* **Given entries**
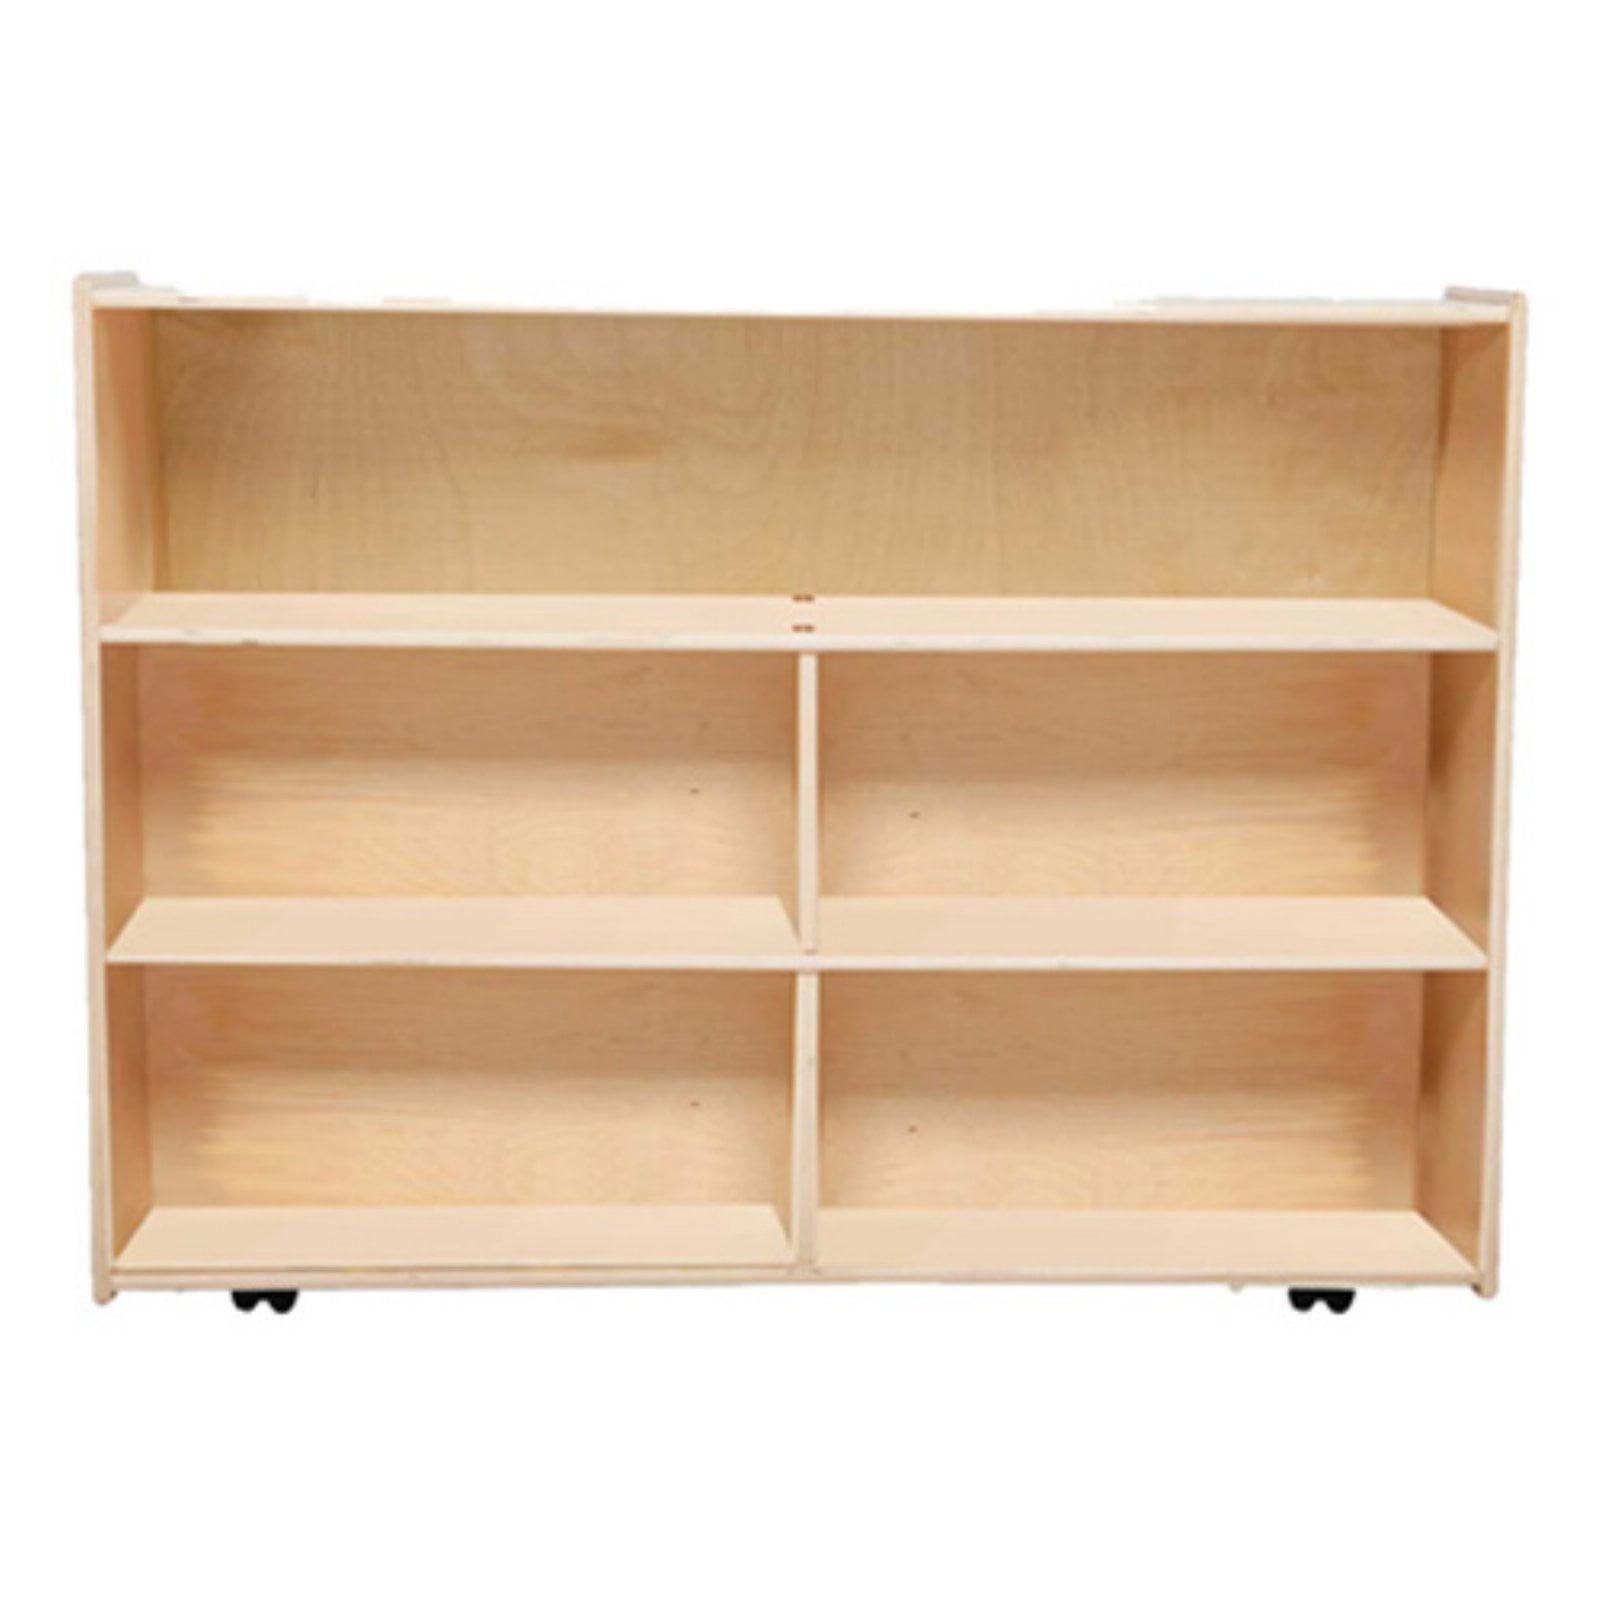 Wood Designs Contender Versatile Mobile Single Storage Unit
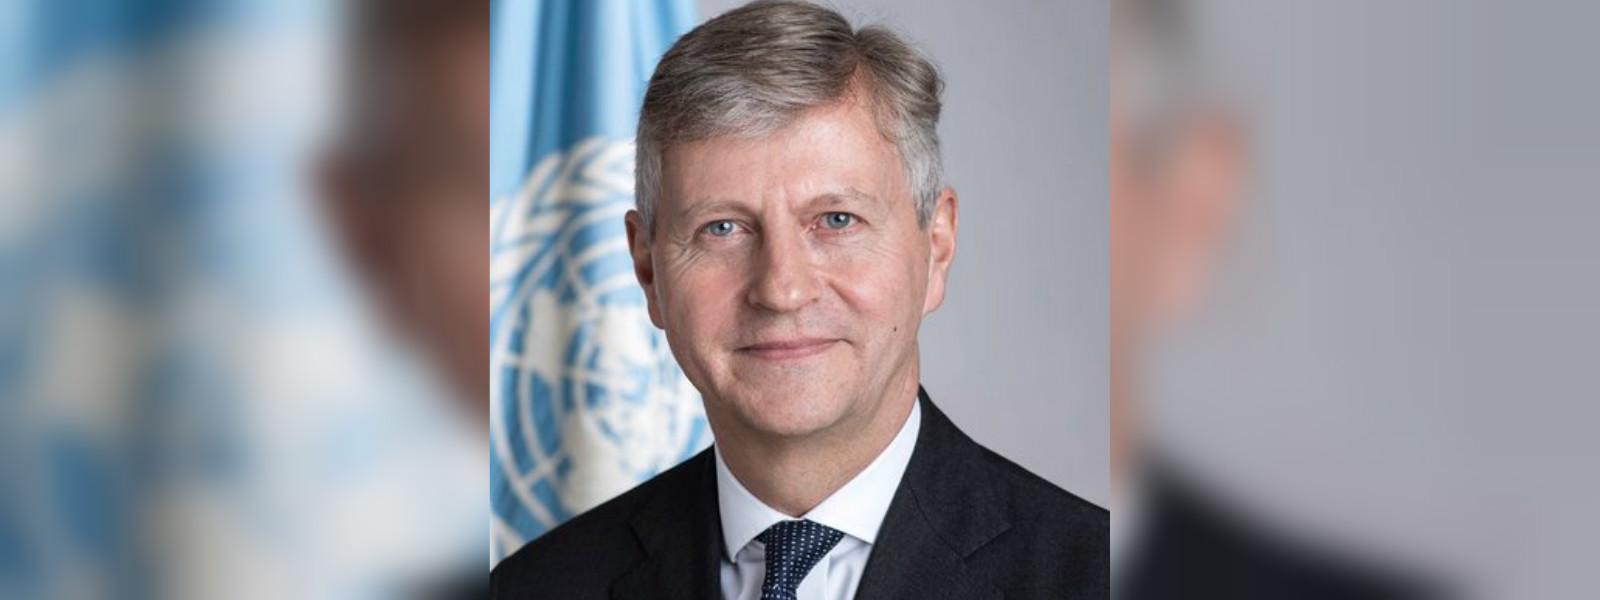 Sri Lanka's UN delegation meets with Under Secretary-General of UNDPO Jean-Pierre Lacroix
==
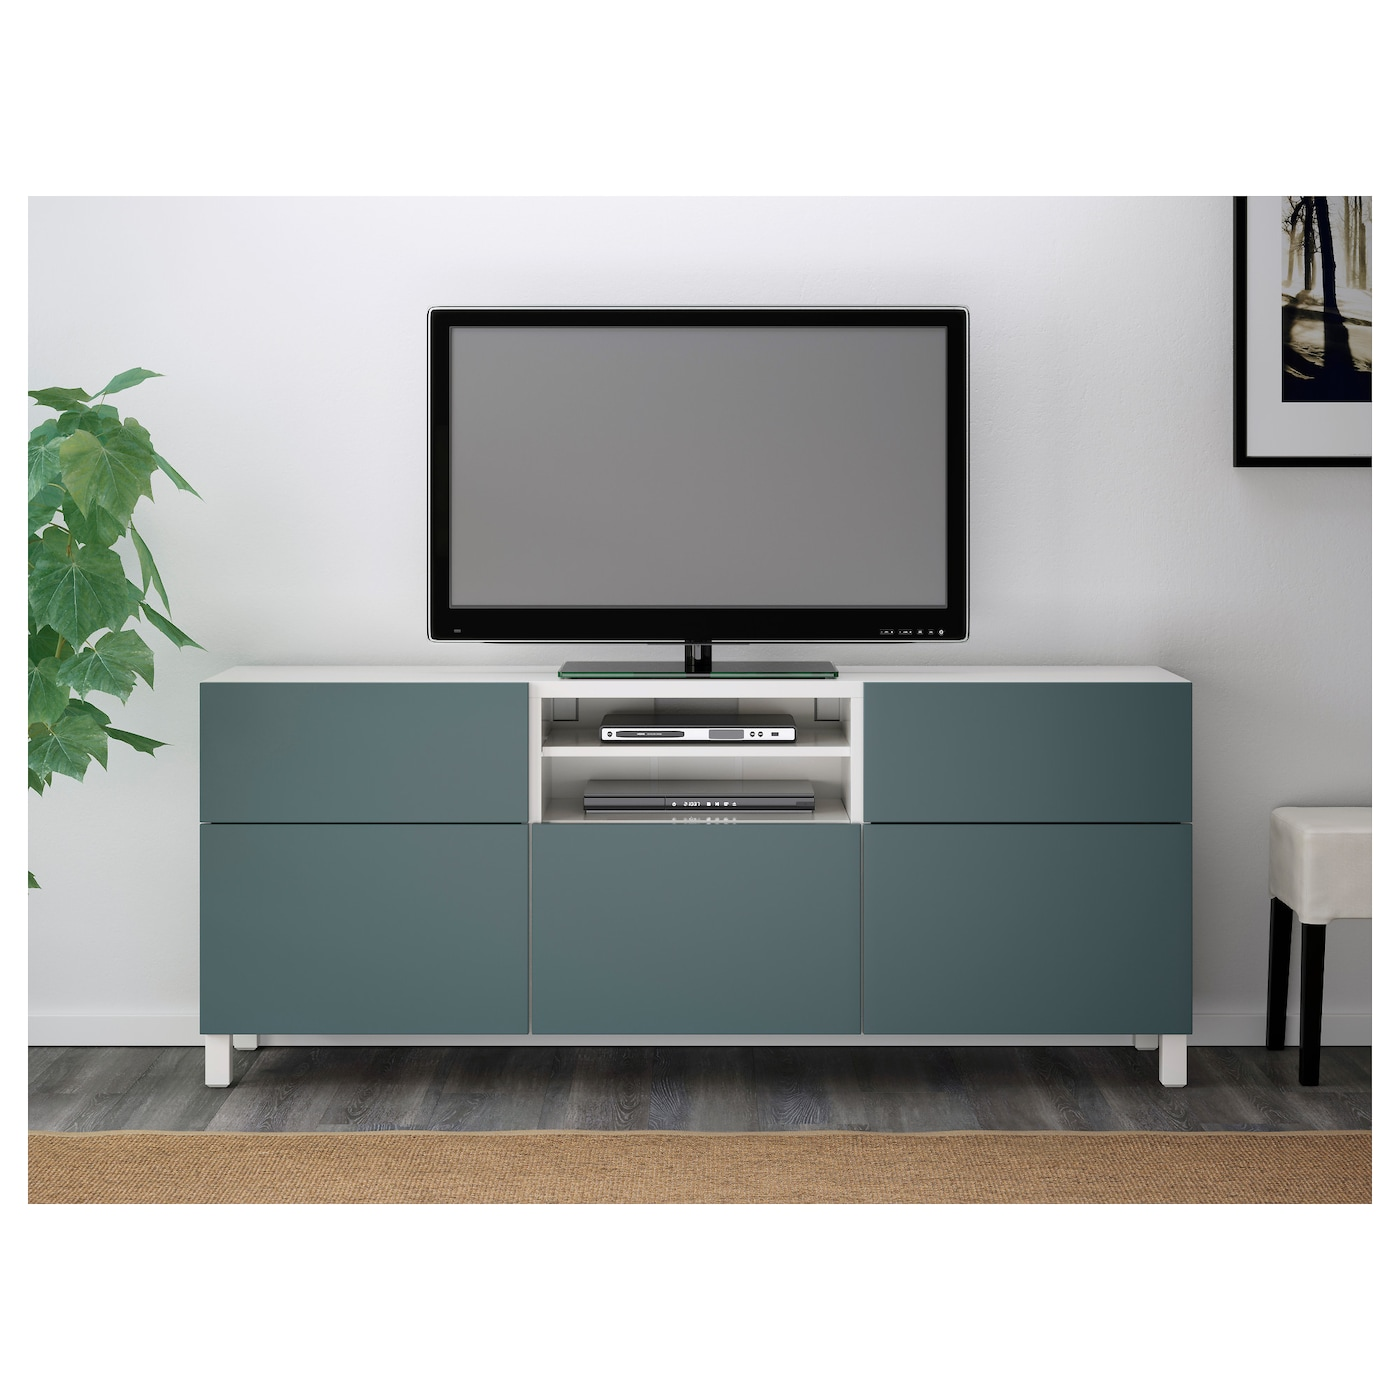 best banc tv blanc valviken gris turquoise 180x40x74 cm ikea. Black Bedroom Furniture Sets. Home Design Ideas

* **Task**
Output exactly the stretch of the listing that begins at the line containing "Wood Designs Contender" and ends at the line containing "Sri Lanka's UN", both kept. Omit pictures and everything else.

* **Response below**
 Wood Designs Contender Versatile Mobile Single Storage Unit
 Sri Lanka's UN delegation meets with Under Secretary-General of UNDPO Jean-Pierre Lacroix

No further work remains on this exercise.